We want models to learning simultaneously about each cluster while learning about the population of clusters.

Represent the population of cafes and learn about the population. Learn priors from data.

multilevel models remember features of each cluster in the data as they learn about all of the clusters.

Benefits of multilevel models include:

  1. Improved estimates for repeat sampling. When more than one observation arises from the same individual, location, or time, then traditional, single-level models either maximally underfit or overfit the data.
  2. Improvied estiamtes for imbalance in sampling. When some individuals, locations, or times are samples more than others, multilevels models automatically cope with differing uncertainty across these clusters. This prevents over-sampled clusters from unfairly dominating inference.
  3. Estimates of variation. If our research questions include variation among individuals or other groups within the data, then multilevel models are a big help, because they model variation explicitly.
  4. Avoid averaging, retain variation. Frequently, scholars pre-average some data to construct variables. This can be dangerous, because averaging removes variation, and there are also typically several different ways to perform the averaging. Averaging therefore constructs false confidence and introduces arbitrary data transformations. Multilevel models allow us to preserve the uncertainty and avoid data transformations.

Costs of multilevel approach

  1. Define the distributions from which the characteristics of the clusters arise. Conservative maximum entropy distributions are the solution
  2. there are new estimation challenges > MCMC estimation
  3. multilevel model can be hard to understand, because they make predictions at different levels of the data.

12.1 Example: Multilevel tadpoles

library(rethinking)
data(reedfrogs)
d <- reedfrogs
str(d)

Multiple observations, the tadpoles in this case, are made within each cluster. A multilevel model, in which we simultaneously estimate both an intercept for each tank and the variation among tanks, is what we want. this will be a varying intercepts model. Varying intercepts are the simplest kind of varying effects.

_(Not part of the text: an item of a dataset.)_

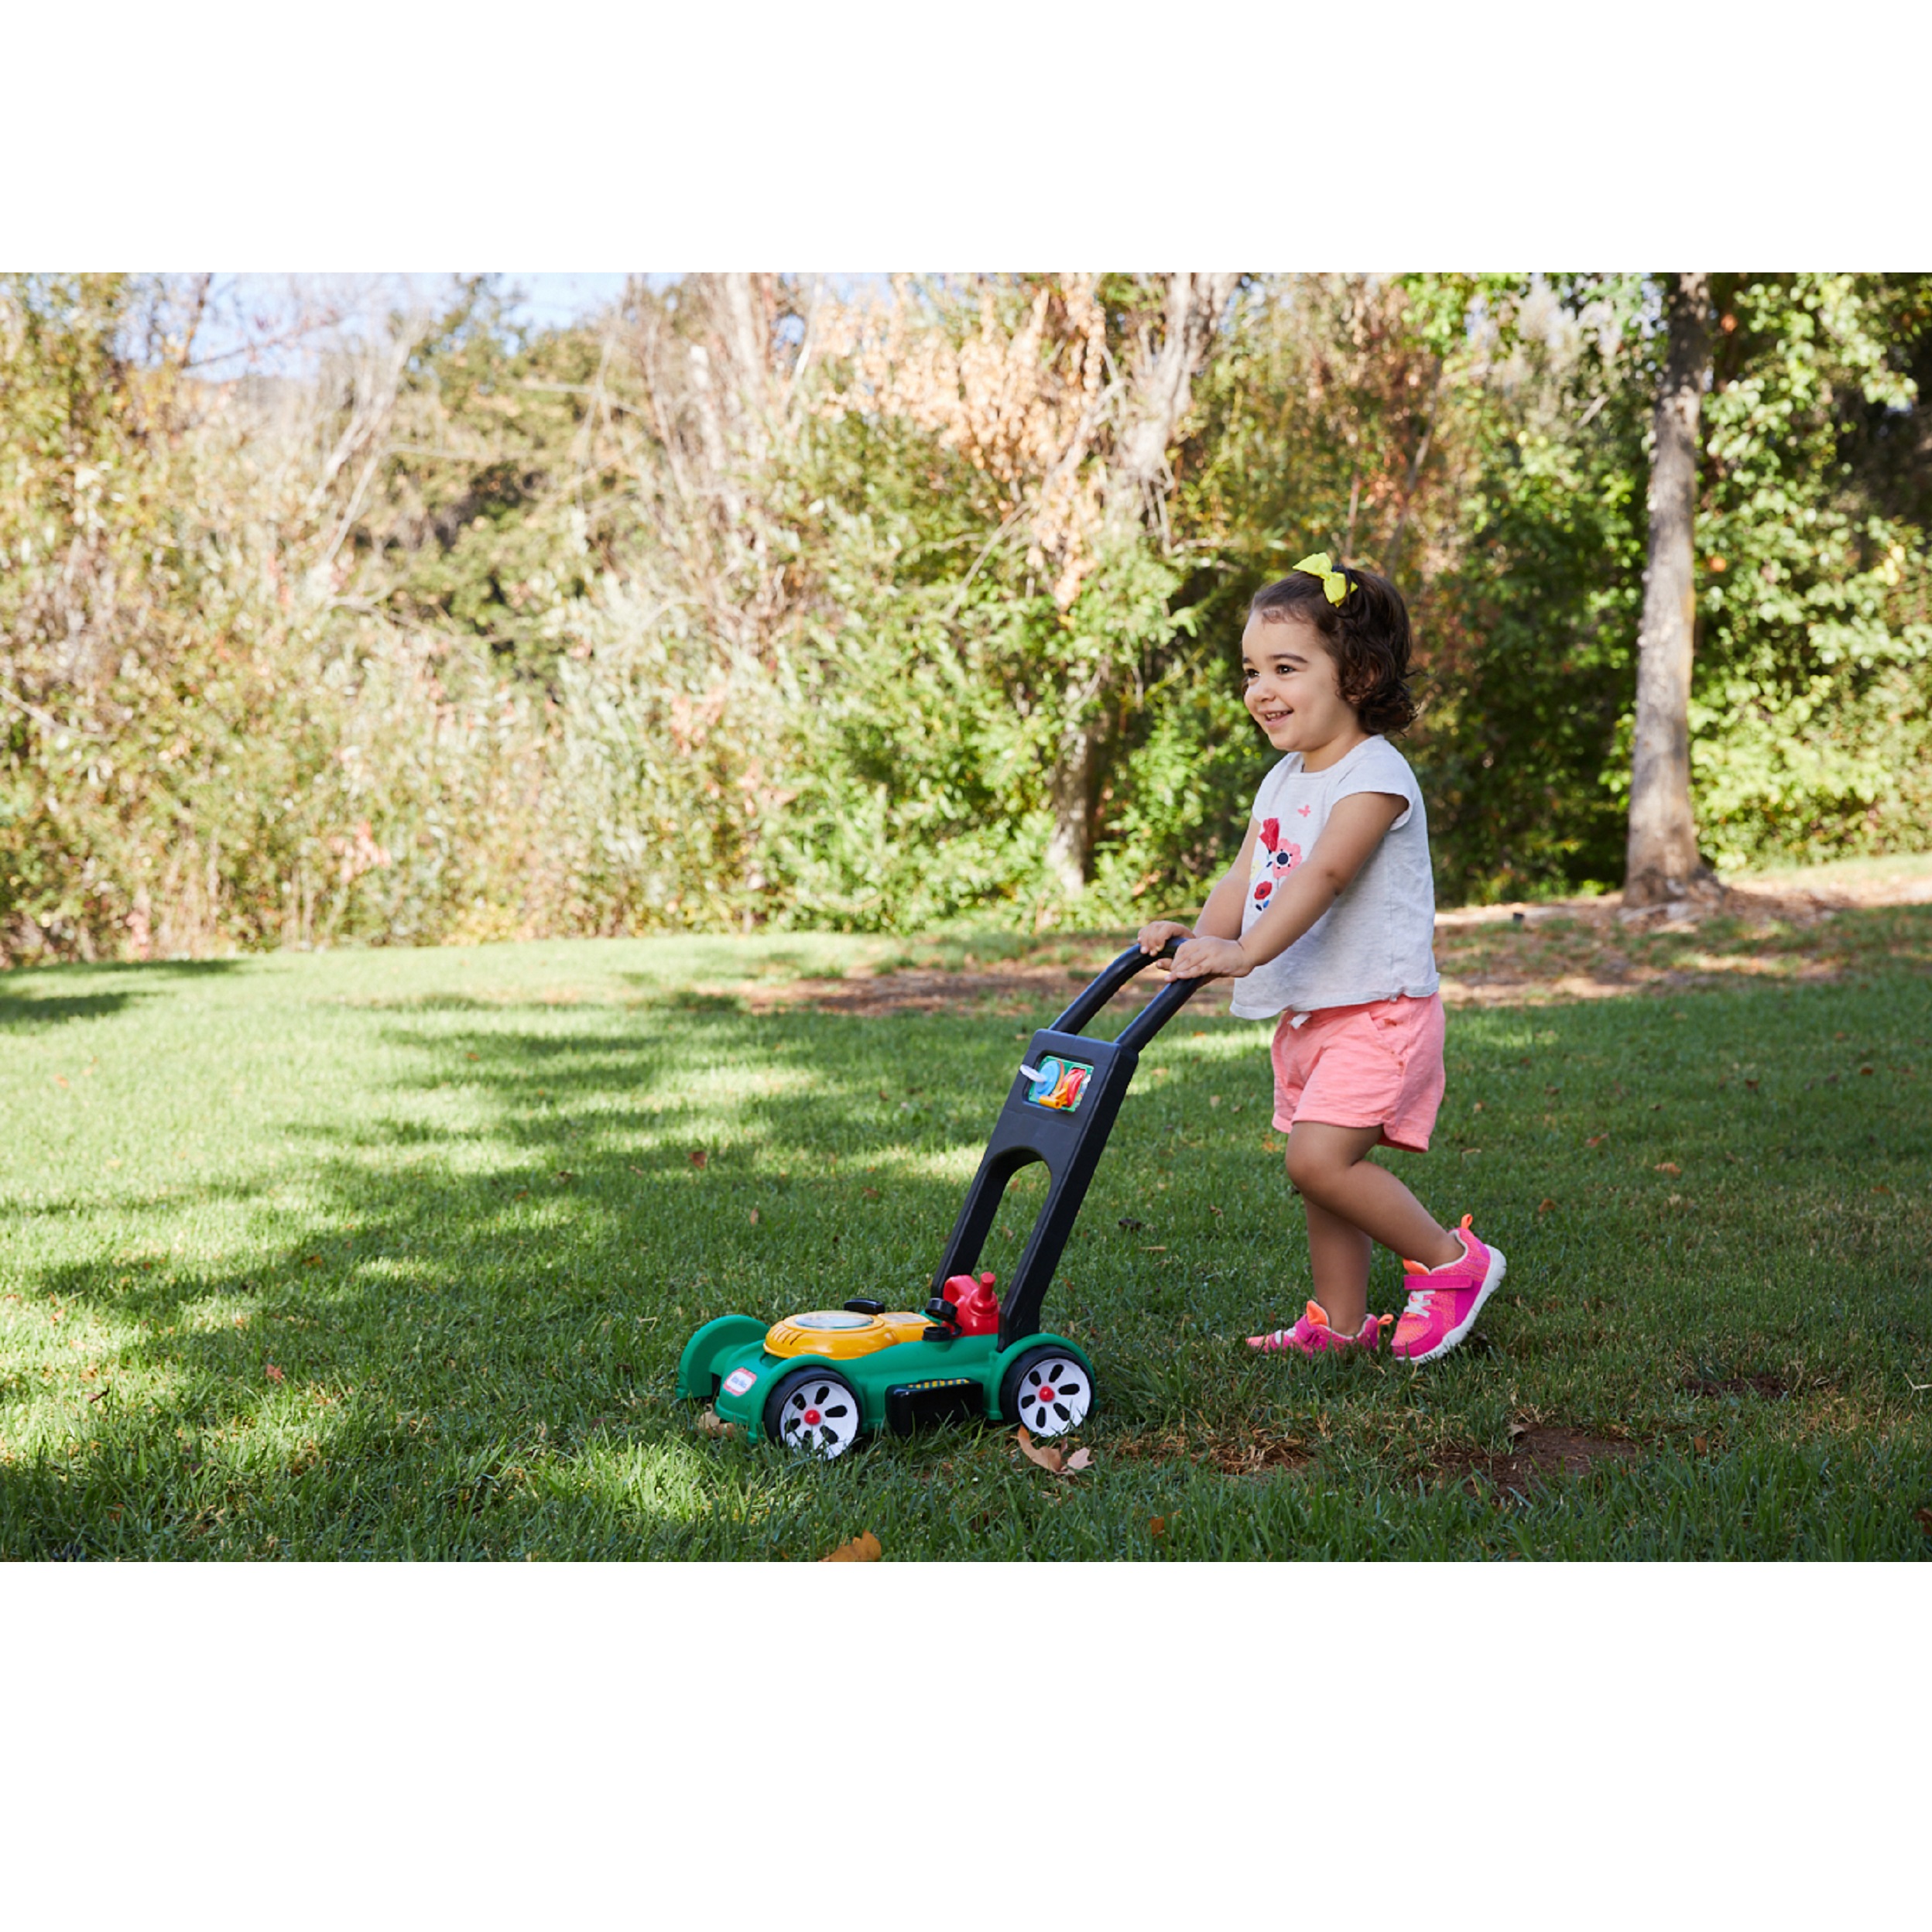 Little Tikes Gas N Go Mower Toddler Push Toy - For Kids Boys Girls Ages 1.5 Years and Older - image 4 of 7

                                        # make the tank the cluster variable
d$tank <- 1:nrow(d)

                                        #fit
m12.1 <- map2stan(
    alist(
        surv ~ dbinom(density,p ),
        logit(p) <- a_tank[tank],
        a_tank[tank] ~ dnorm(0,5)
    ), data=d
)

precis(m12.1, depth=2)

Hyperparameters are parameters for parameters, their priors are called hyperpriors.

m12.2 <- map2stan(
    alist(
        surv ~ dbinom(density, p),
        logit(p) <- a_tank[tank],
        a_tank[tank] ~ dnorm(a, sigma),
        a ~ dnorm(0,1),
        sigma ~ dcauchy(0,1)
    ), data=d, iter=4000, chains=4)

compare(m12.1, m12.2)

#extract stan samples
post <- extract.samples(m12.2)

                                        #compute median intercept for each tank
                                        # also transform to probability with logistic
d$propsurv.est <- logistic(apply(post$a_tank, 2, median))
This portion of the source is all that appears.